Data to use —
▼
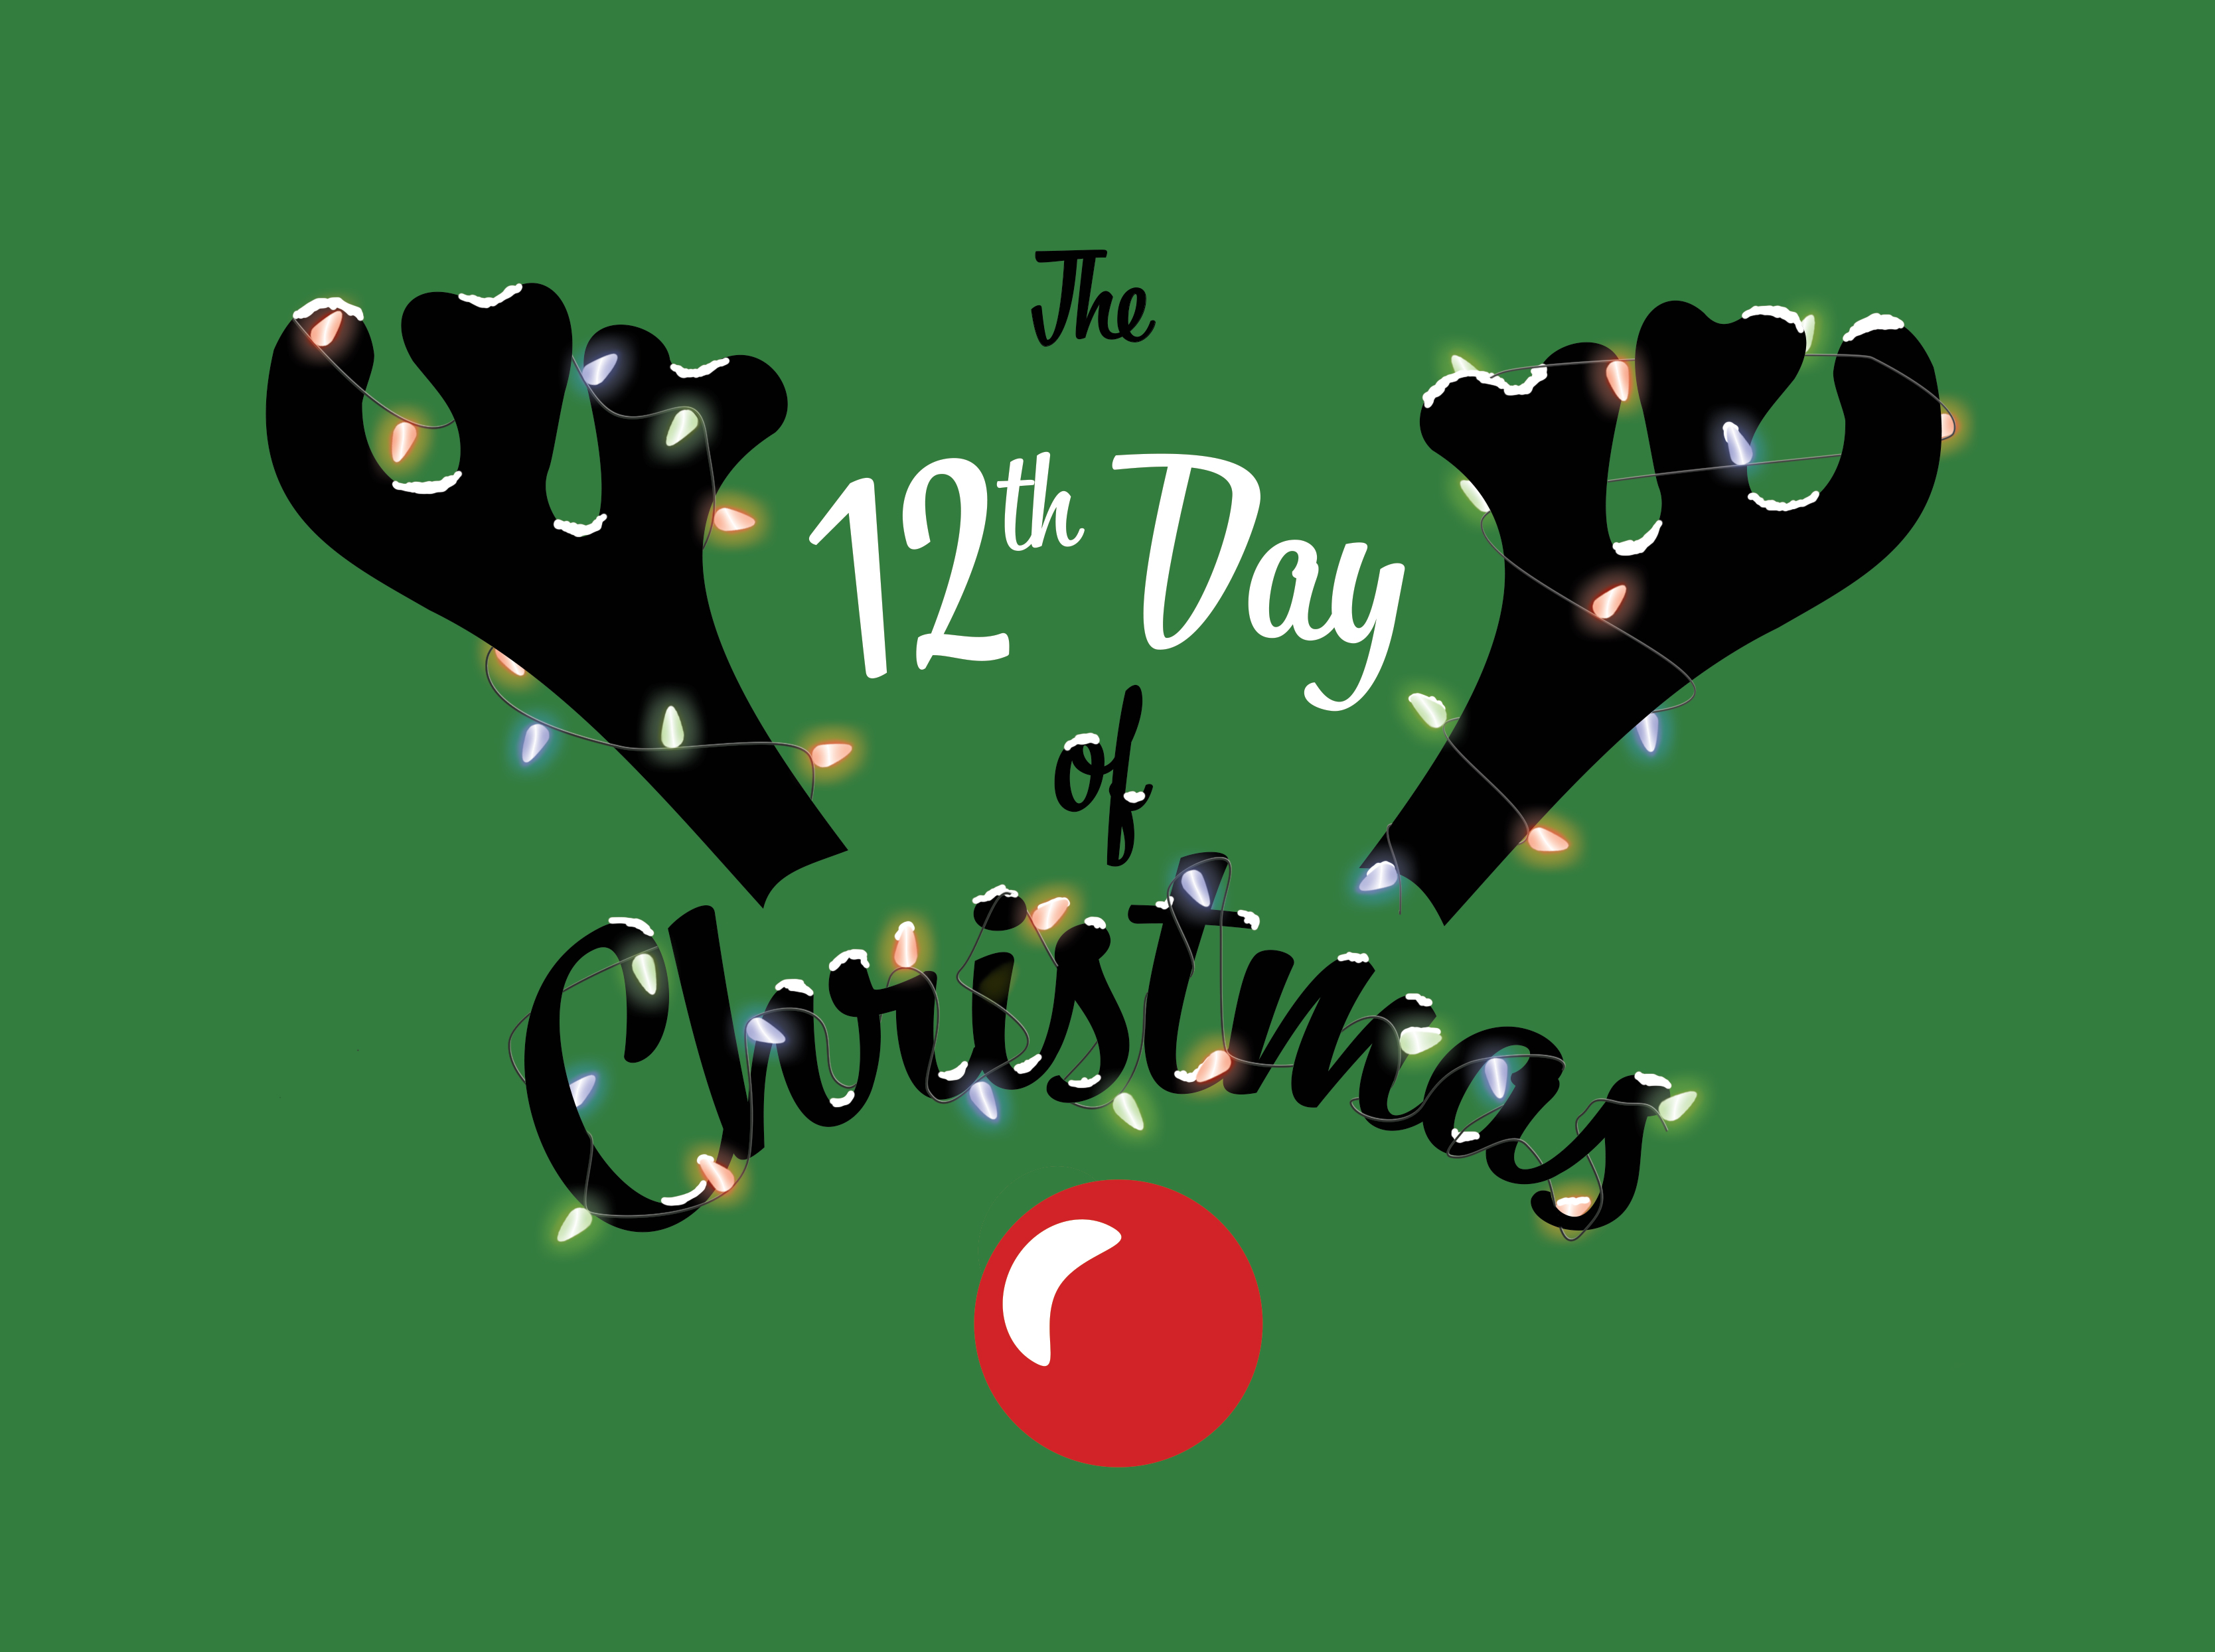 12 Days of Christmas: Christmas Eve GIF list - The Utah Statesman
▲
▼
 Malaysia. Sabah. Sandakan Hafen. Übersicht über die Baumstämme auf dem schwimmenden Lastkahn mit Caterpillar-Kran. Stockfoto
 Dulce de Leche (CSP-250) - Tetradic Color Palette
▲
Task details — Look above for the line with "Malaysia. Sabah. Sandakan"; retype exactly that line, every line after it up to the line with "Dulce de Leche", and that line too, nothing else.

Task response —
 Malaysia. Sabah. Sandakan Hafen. Übersicht über die Baumstämme auf dem schwimmenden Lastkahn mit Caterpillar-Kran. Stockfoto
 Dulce de Leche (CSP-250) - Tetradic Color Palette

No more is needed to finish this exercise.